A powerful plant toxin widely feared for its bioterrorism potential
may one day be tamed using findings about how the toxin attacks cells. The
findings may also help scientists combat food poisoning episodes such as
those recently caused by bacteria-tainted produce and ground meat.
Biotechnology researchers at Rutgers University have discovered that
ricin, extracted from abundant castor beans, kills cells by a previously
unrecognized activity that appears to work in concert with its ability to
damage protein synthesis. While those earlier known effects still harm
cells, it?s the newly discovered and more stealthy activity that the
researchers now believe delivers the knockout punch.

Ricin toxin is feared as a bioterror agent because it can be easily
purified from the waste of castor oil production and there are no known
antidotes. It is poisonous if inhaled, ingested or injected. Symptoms can
show up within hours, including difficulty breathing, nausea, vomiting and
diarrhea. Death can result within days from low blood pressure, severe
dehydration, respiratory failure and eventually, failure of organs such as
the liver and kidneys. Those who survive severe ricin poisoning may still
have permanent or long-lasting organ damage.

Writing in the March 7 issue of the Journal of Biological Chemistry,
Rutgers plant biology and pathology professor Nilgun Tumer and her
colleagues report that ricin tricks a cell into turning off a natural
defense mechanism that destroys foreign proteins.
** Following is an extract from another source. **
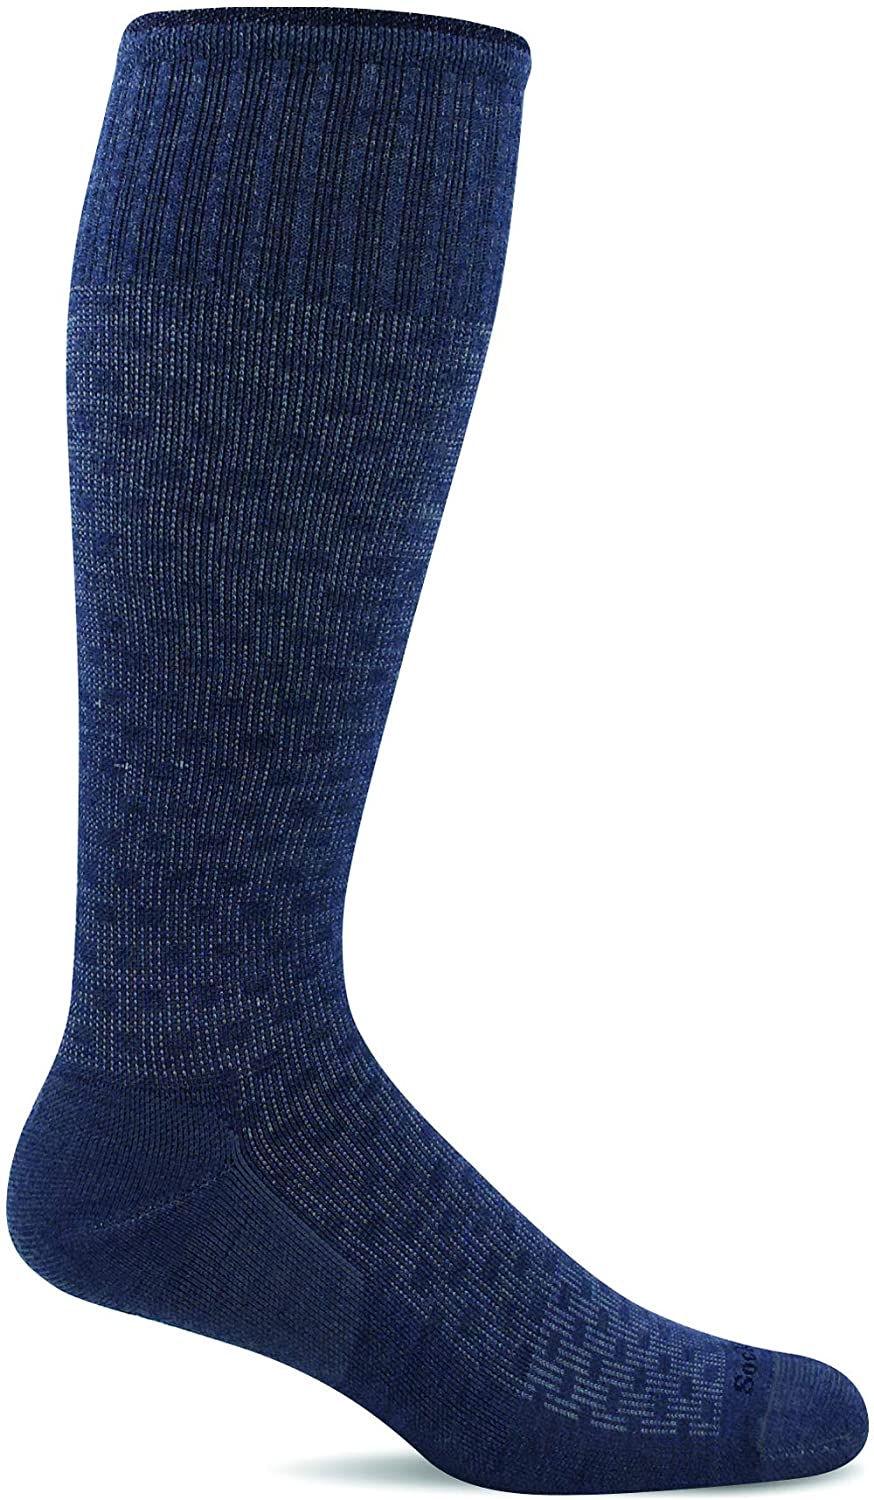 Sockwell Men's Shadow Box Moderate Graduated Compression Sock in Denim from the side

If ricin did not first
deactivate the cell?s defenses, the cell would be able to turn on a stress
response to get rid of the toxin. The discovery allows scientists to explore
new ways to disarm ricin.

?Because there are no specific medical treatment options for ricin
intoxication, we felt it essential to dig deeper into the mechanism of
ricin-induced cell death,? said Tumer. ?The new mechanism we discovered
provides new targets for possible therapeutic agents.?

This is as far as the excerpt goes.